What the task requires: Pictures stay out of the copy, and everything else in the data below is repeated exactly.

Provided data:

+---+

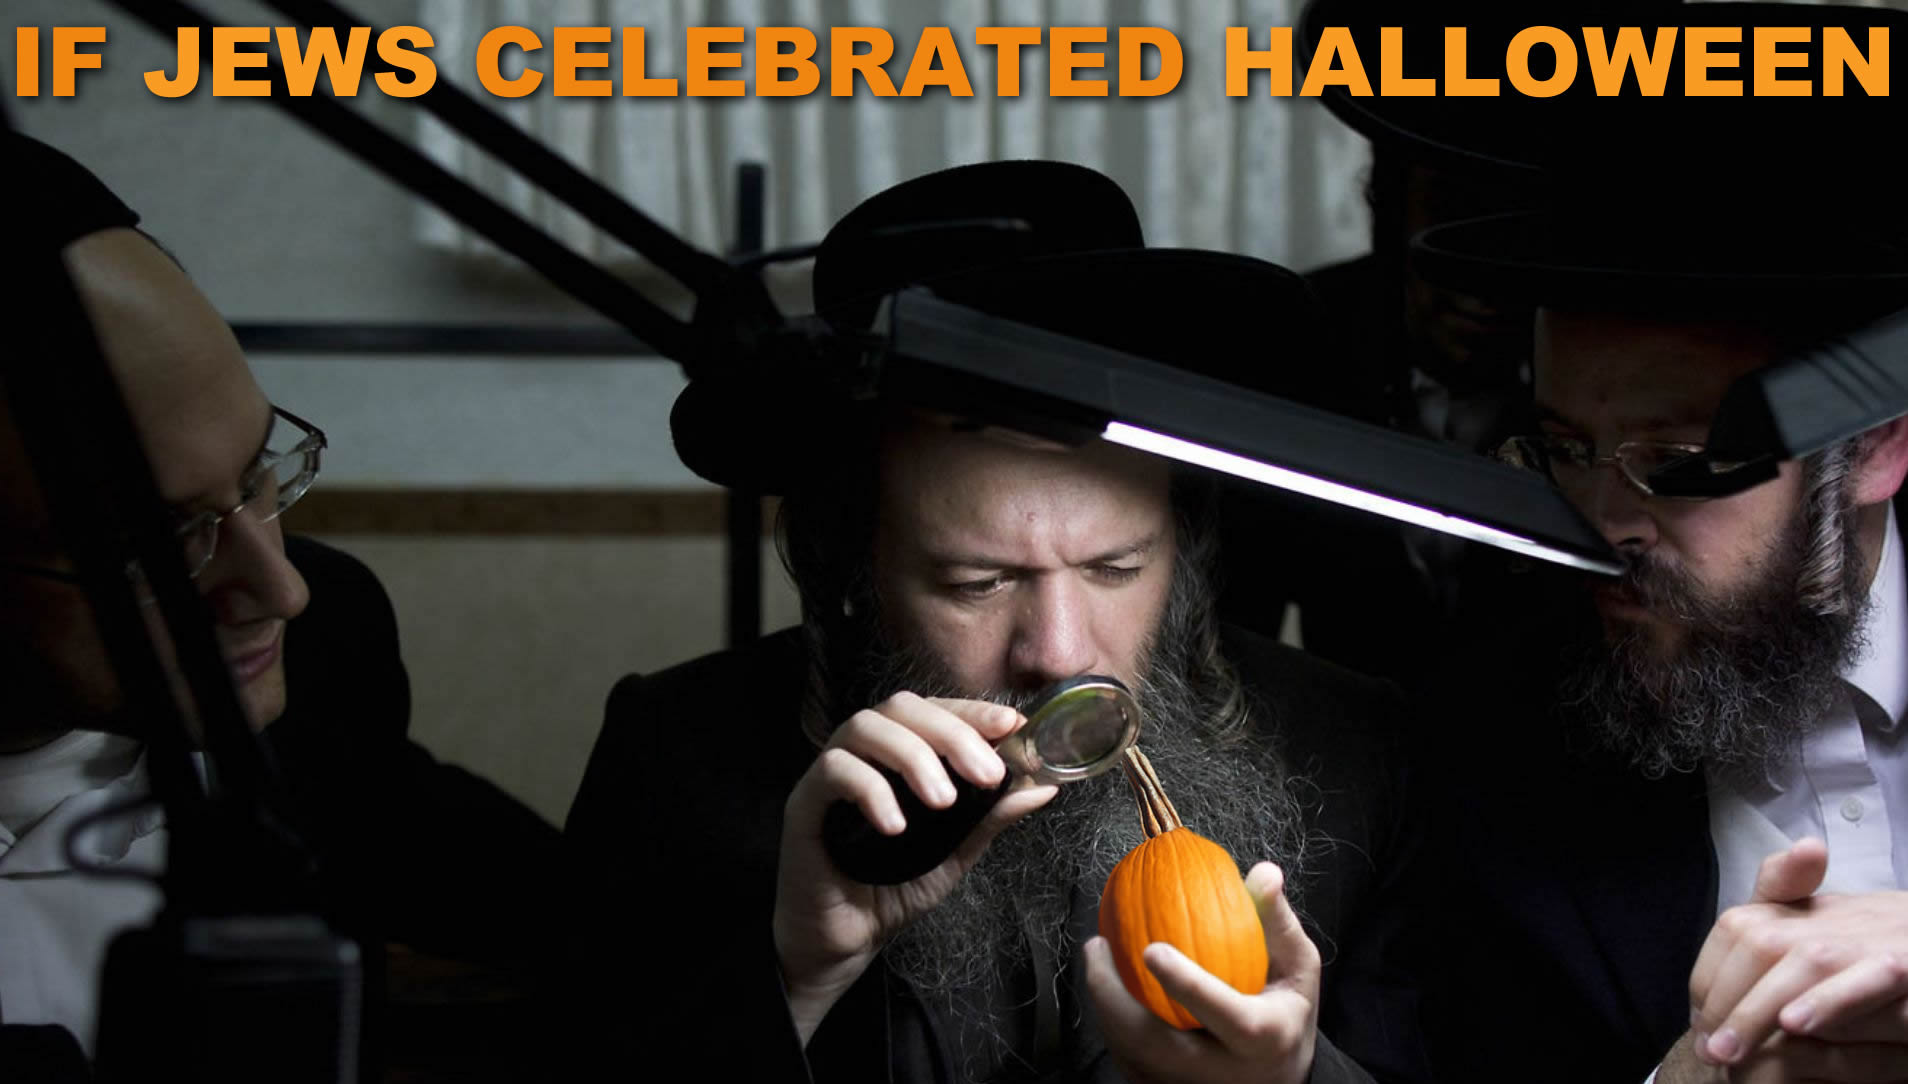 La celebración de Halloween y el pueblo judío
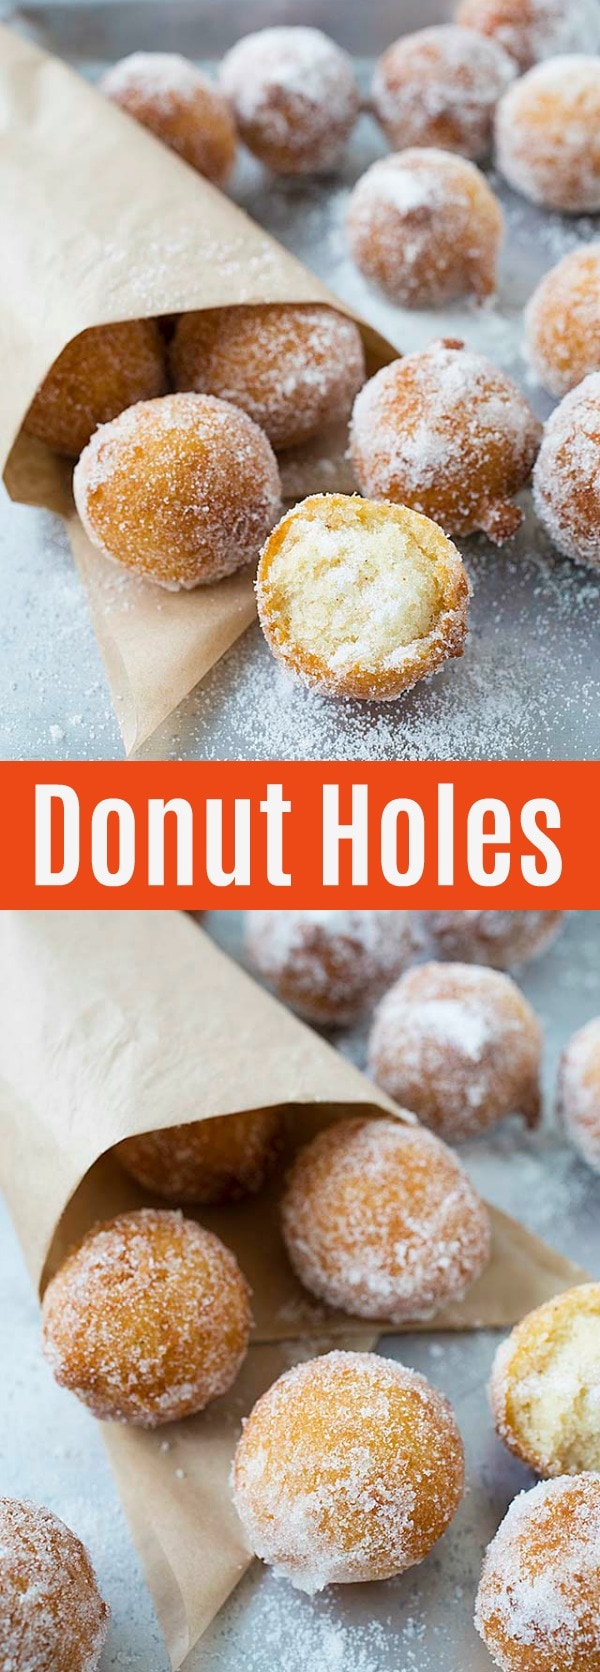 Easy Donut Holes Rasa Malaysia
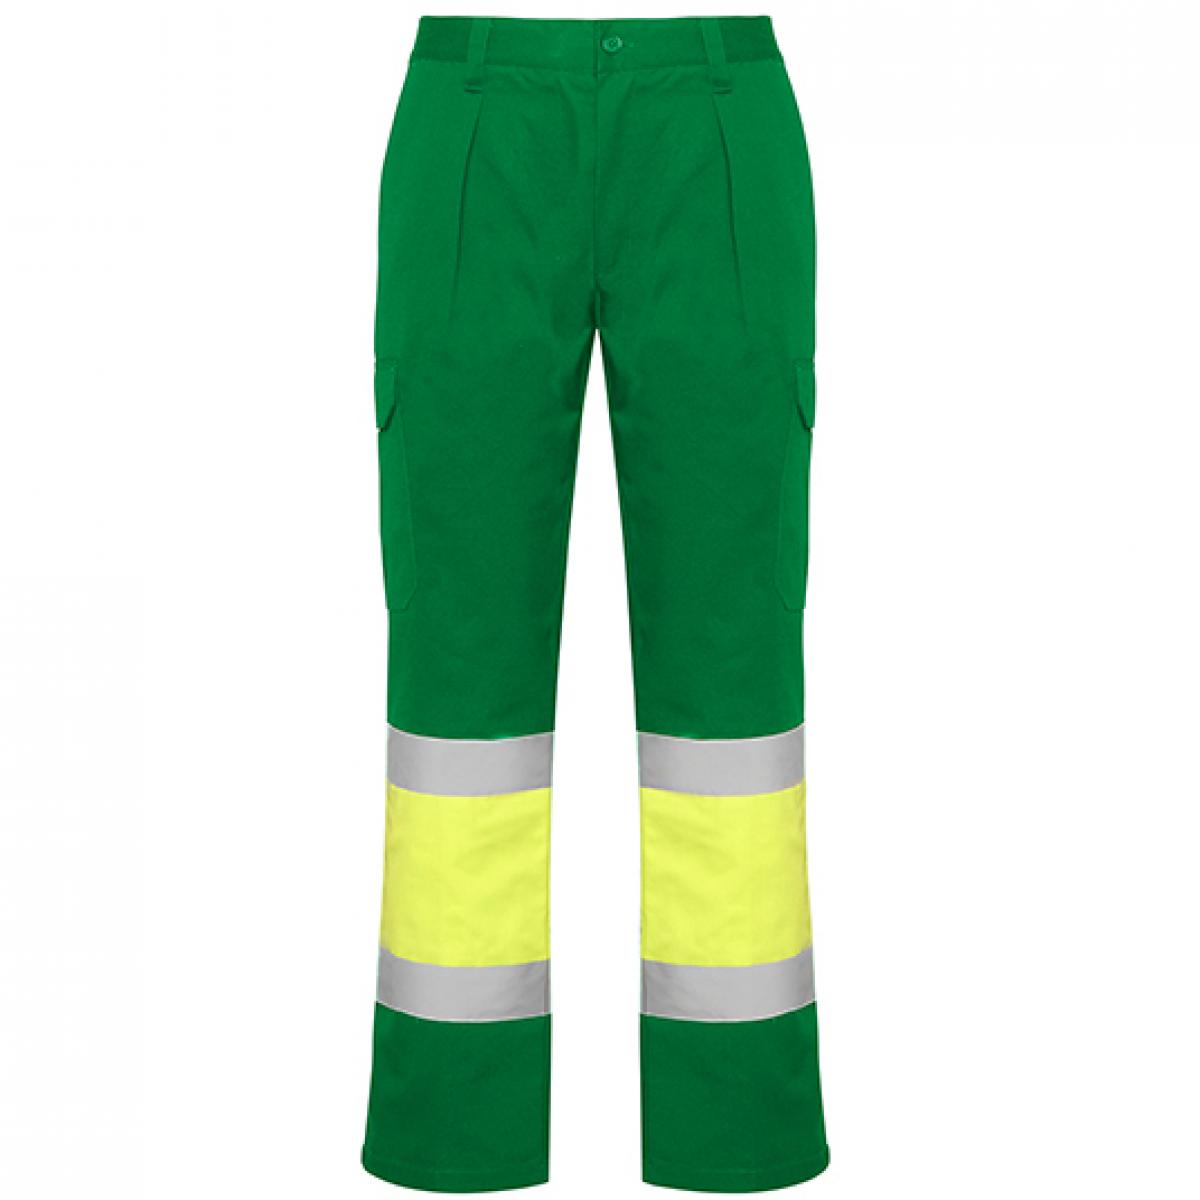 Hersteller: Roly Workwear Herstellernummer: HV9301 Artikelbezeichnung: Soan Hi-Viz Trousers - Arbeitshose mit Reflektionsstreifen Farbe: Garden Green 52/Fluor Yellow 221

+---+

Finished exercise:
 La celebración de Halloween y el pueblo judío
 Easy Donut Holes Rasa Malaysia
 Hersteller: Roly Workwear Herstellernummer: HV9301 Artikelbezeichnung: Soan Hi-Viz Trousers - Arbeitshose mit Reflektionsstreifen Farbe: Garden Green 52/Fluor Yellow 221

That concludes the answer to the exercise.